While finetuning w2v-bert, the WER is not decreasing. I’ve fine-tuned wav2vec2, xls-r with no problem but w2v-bert has some issune while fine tuning, can anyone help?

Step	Training Loss	Validation Loss	Wer
300	4.636700	inf	0.993919
600	18.166900	nan	1.000000
900	0.000000	nan	1.000000
1200	0.000000	nan	1.000000

Below is my collab notebook.

John6666 · September 30, 2024, 5:29am

I’m not familiar with voice model training, but something doesn’t seem right.
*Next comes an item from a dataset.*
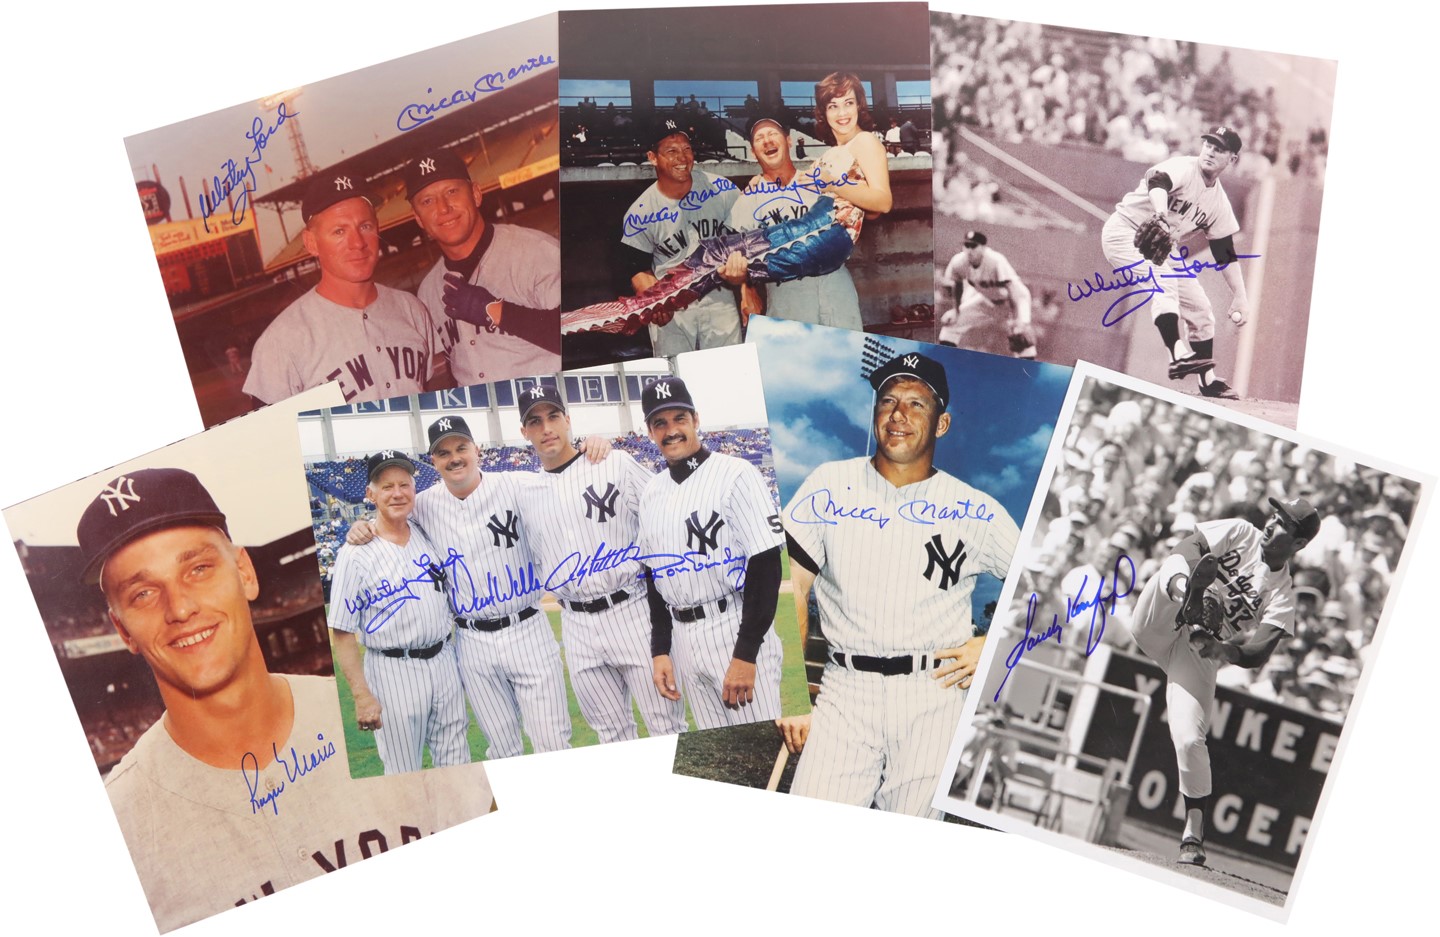 - Signed Photograph Archive w/Mantle & Maris from The Whitey Ford Collection (32)

Take a look at the following page. Maybe it means there are some environments that work well.

I’ve been modifying some Spaces recently, and it occurred to me that all of the voice-related libraries are very old. I think it is possible that some of the libraries that are not explicitly specified in the pip may be doing something wrong.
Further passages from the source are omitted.